The world, especially China, took notice of Obama’s abandonment of the Monroe Doctrine. Kerry’s speech happened to coincide with President Xi Jinping’s announcement of the Belt and Road Initiative (BRI), an economic and geopolitical program to advance China’s political influence throughout the world, including Latin America. A Council on Foreign Relations report noted that China began making inroads to Latin America in 2001, and today it is South America’s top trading partner and second only to the United States for all of Latin America.
A second Council on Foreign Relations report on the BRI notes that “U.S. inaction as much as Chinese assertiveness is responsible for the economic and strategic predicament in which the United States finds itself.” China has disguised geopolitical assertiveness as “infrastructure projects” throughout the Western Hemisphere.
That includes, most ominously, the construction of ports at both ends of the Panama Canal. A Center for Strategic and International Studies report notes that Chinese state-owned companies have positioned themselves at both ends of the Canal, including control of Margarita Island on the Atlantic side via port concession agreements. President Trump has stated that he believes China’s potential control of the Canal is both an economic and national security threat to the United States.
So what can be done? Constitutional scholars John Yoo and Robert Delahunty argue that Trump should invoke the Monroe Doctrine and declare that Panama, by “permitting extensive penetration of the territory surrounding the Canal … is compromising the security and neutrality of the Canal and thereby violating the Panama Canal Treaties of 1978. Those treaties, Yoo and Delahunty note, “permits armed intervention by the United States … to protect the Canal.”
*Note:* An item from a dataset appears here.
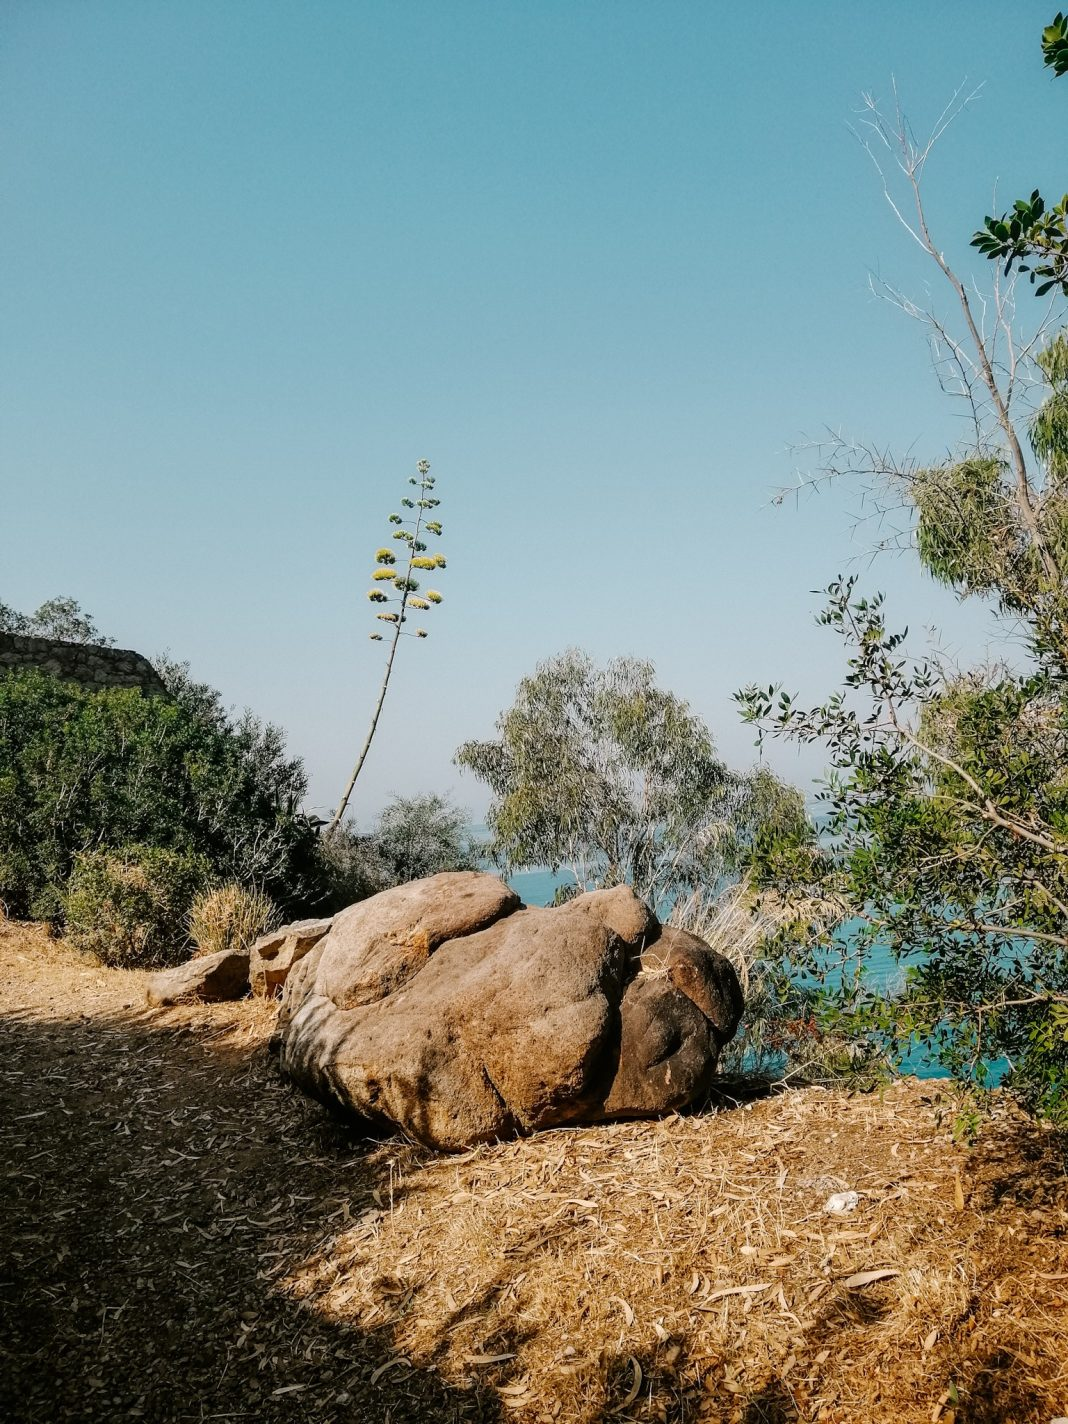 Cefalù in Oost-Sicilië

Moreover, President Trump has the exclusive constitutional authority to terminate the treaties and reassert U.S. sovereignty over the Canal Zone. There is no need for the Senate’s advice and consent. Yoo and Delahunty contend Trump has this treaty termination power under Article II of the Constitution (“executive power”); the tradition of the appointments clause which provides for Senate confirmation of key executive branch nominees but has not prevented presidents from unilaterally terminating those appointments; Supreme Court precedent that “recognizes that the President has sole constitutional responsibility to conduct all diplomacy for the United States”; actual practice, including President Carter’s abrogation of our mutual defense treaty with Taiwan; and, finally, the Office of Legal Counsel has opined that presidents have exclusive treaty termination authority.
President Theodore Roosevelt once remarked that “by far the most important action I took in foreign affairs during the time I was president related to the Panama Canal.” President Trump agrees.